Use this only for development. The test server is HTTP-only, so do not send real Basic credentials or production tokens to it; build the wiring against it, then switch the URL to your real https:// endpoint once you can see the header is correct. Call 'Stop All Test Servers' on End Play so you don't leave a listener running.

From here the natural next step is parsing what comes back: break the FEasyHTTPResponse, check IsResponseSuccessful, and turn the JSON Content into a struct. With the auth header handled correctly, the rest of the integration is just data.

EasyHTTP authentication schemes at a glance

SchemeBuilder nodeHeader it producesUse it for
BearerMake Options With Bearer TokenAuthorization: Bearer <token>JWT access tokens and OAuth APIs
BasicMake Options With Basic AuthAuthorization: Basic <base64 user:pass>Username/password APIs (HTTPS only)
API KeyMake Options With Api Key<your header name>: <key>Single-secret APIs (e.g. X-API-Key)
CustomMake Default Options + Add Header To OptionsAny header(s) you addHMAC signatures and non-standard schemes

All values are from the EasyHTTP plugin's auth builders and EEasyHTTPAuthType enum.

FAQ

How do I set the Unreal Engine HTTP request authorization header bearer token in Blueprint?

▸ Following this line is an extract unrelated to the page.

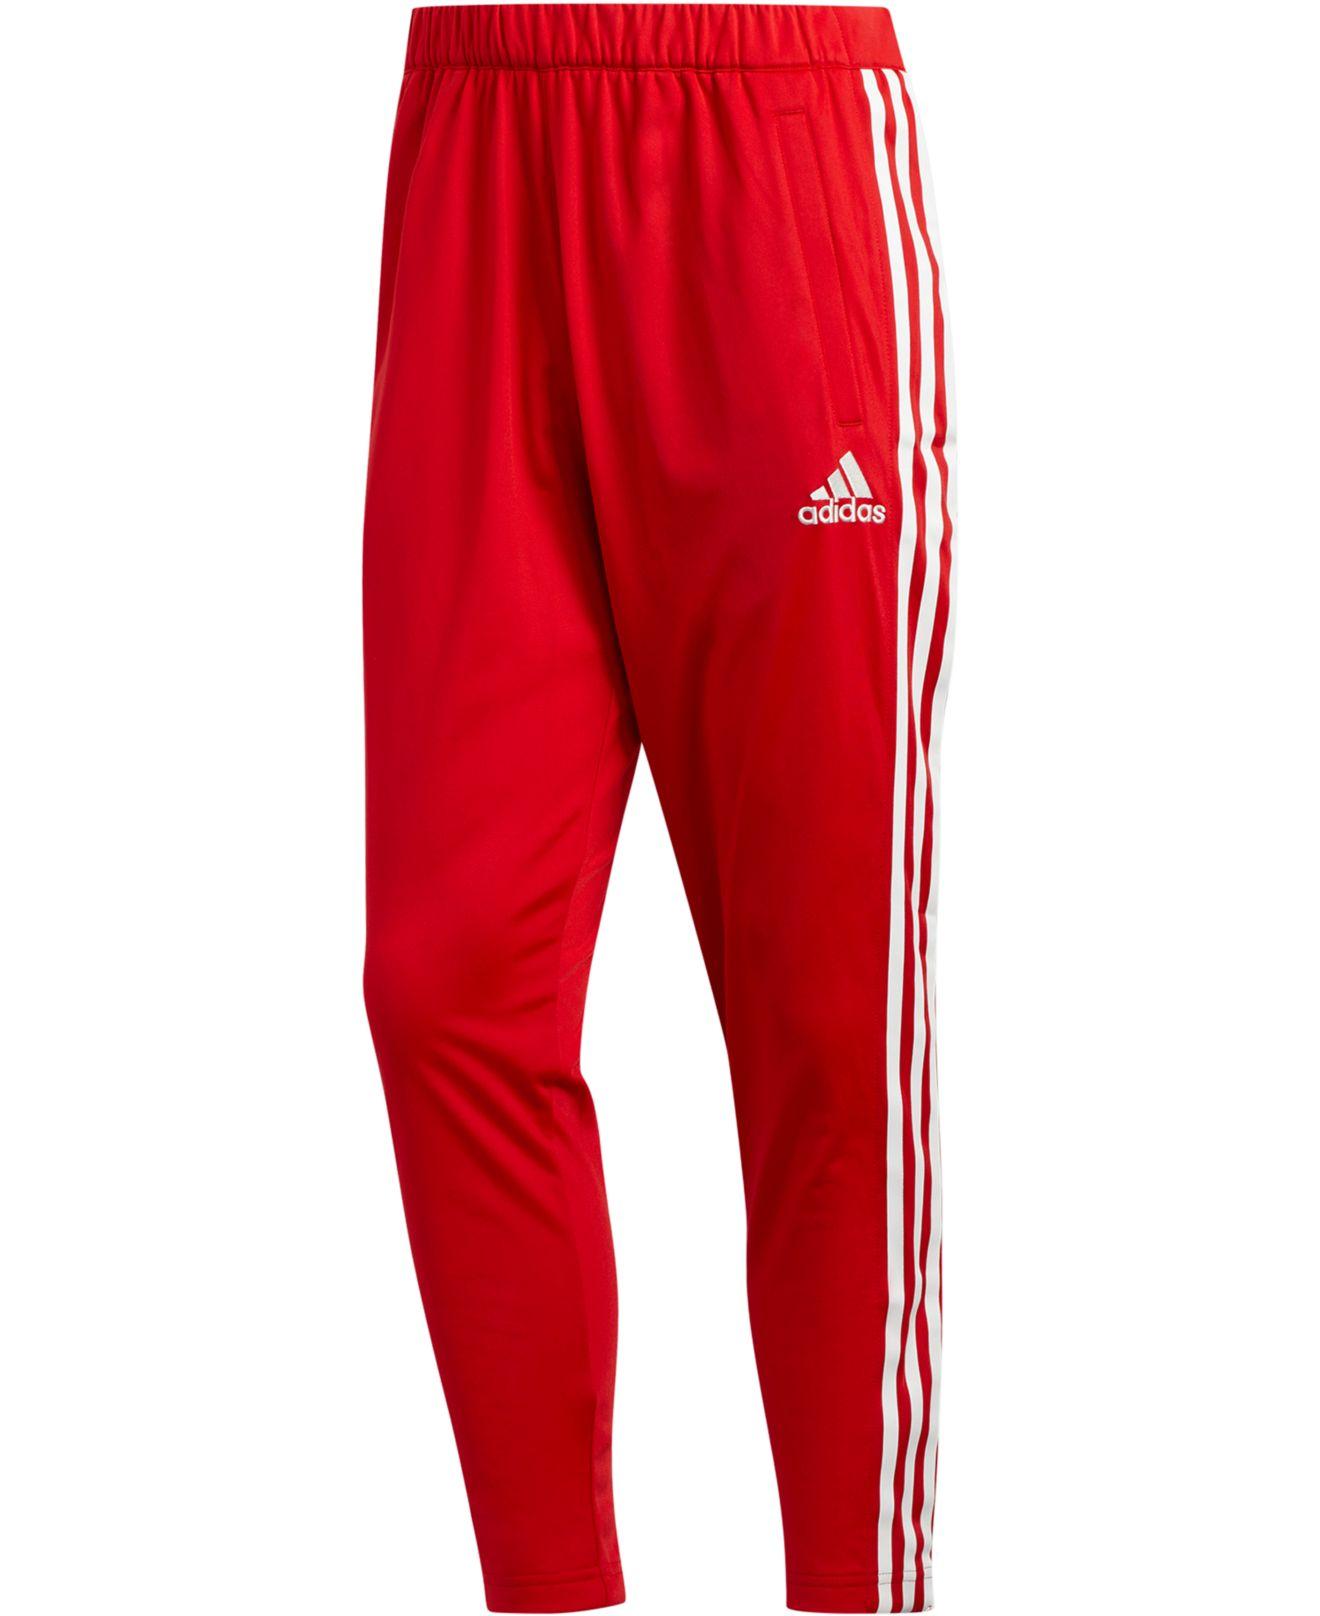 adidas marquee pants
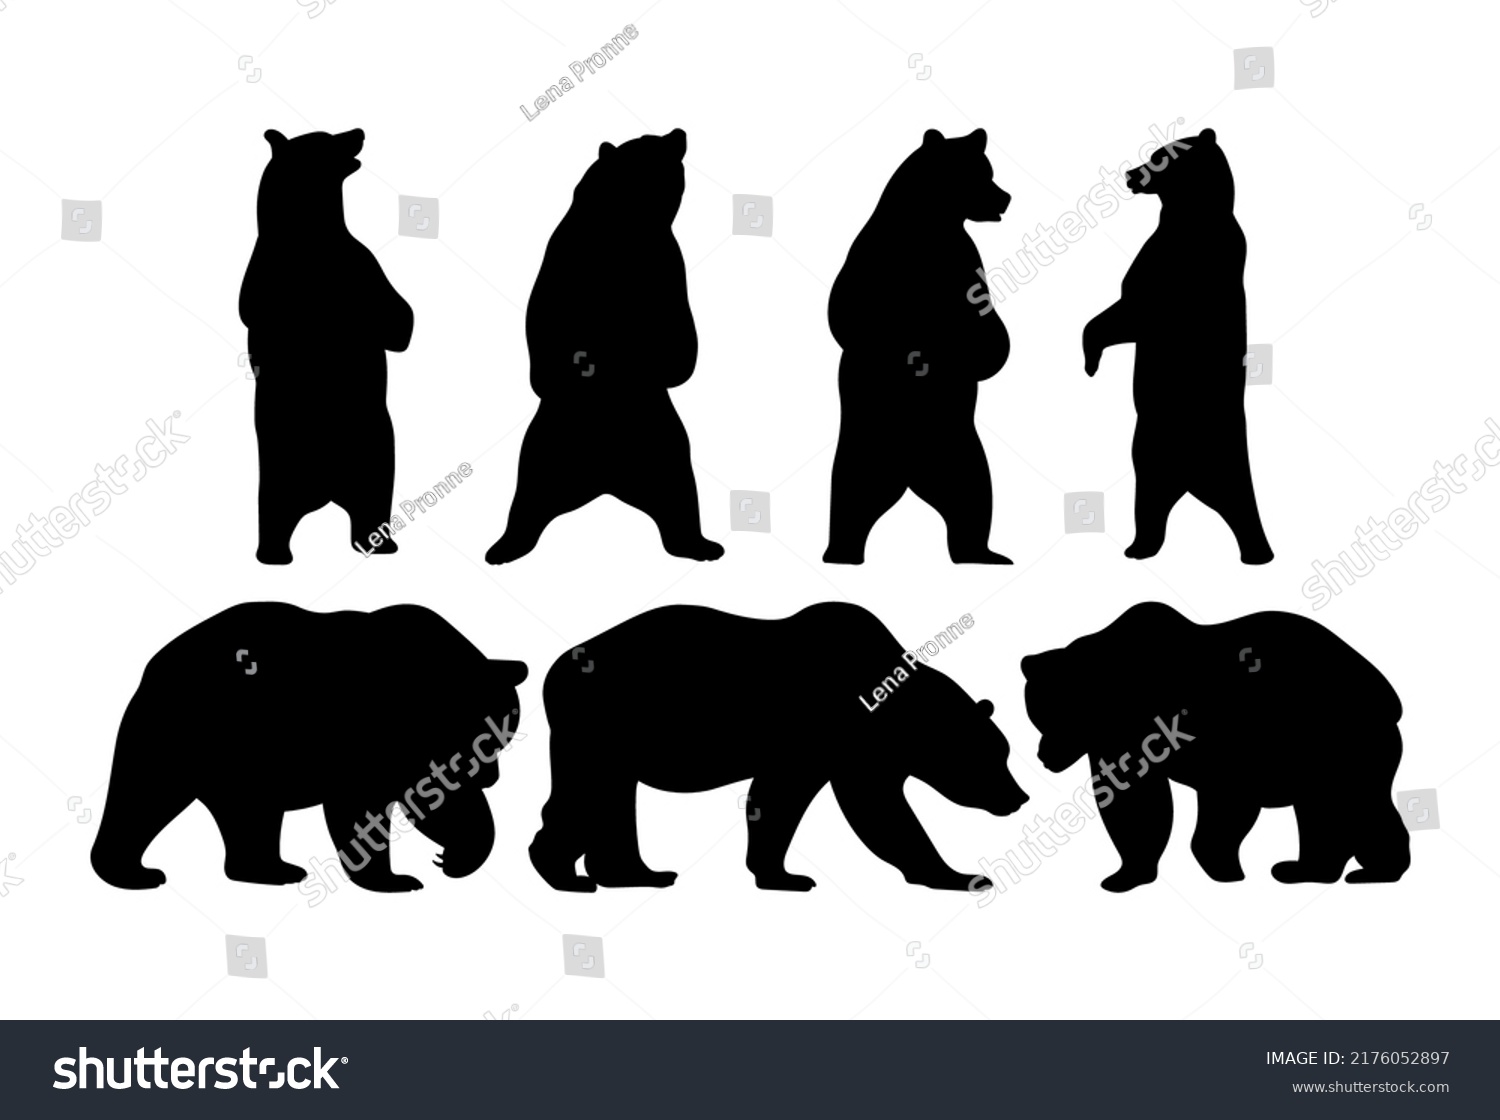 SVG of Bears. Black and white illustrations isolated svg

Add the 'Make Options With Bearer Token' node, wire your raw access token into its Token input (do not prepend 'Bearer ' yourself), then connect its FEasyHTTPRequestOptions output into the Options pin of an 'Easy HTTP Request' or 'Async HTTP Request' node. EasyHTTP builds the 'Authorization: Bearer ...' header for you.

Do I need to Base64-encode credentials for Basic auth?

No. 'Make Options With Basic Auth' Base64-encodes the username:password pair for you. Just keep in mind that Base64 is reversible encoding, not encryption, so the EasyHTTP docs warn you to always use HTTPS for Basic Auth requests.

Which header name should I use for an API key?

It depends on the service. 'Make Options With Api Key' lets you set both the key value and the header name, because there is no universal standard. Common names include X-API-Key and Authorization; check your provider's documentation and pass the exact name it expects.

How do I send an HMAC-signed or otherwise non-standard auth header?

Use the Custom approach: start from 'Make Default Options' and chain 'Add Header To Options' for each header your scheme needs (signature, timestamp, key id). Compute the values elsewhere in your graph and feed them in, then connect the options to the request node.

Can I test the auth header without a real backend?

Yes. Start EasyHTTP's local test server with 'Start Local Test Server' (port 8080), send the request to http://localhost:8080/, and read what arrived with 'Get Last Server Request' to confirm the header. The test server is HTTP-only, so use it for wiring only and switch to your real https:// endpoint before sending real credentials.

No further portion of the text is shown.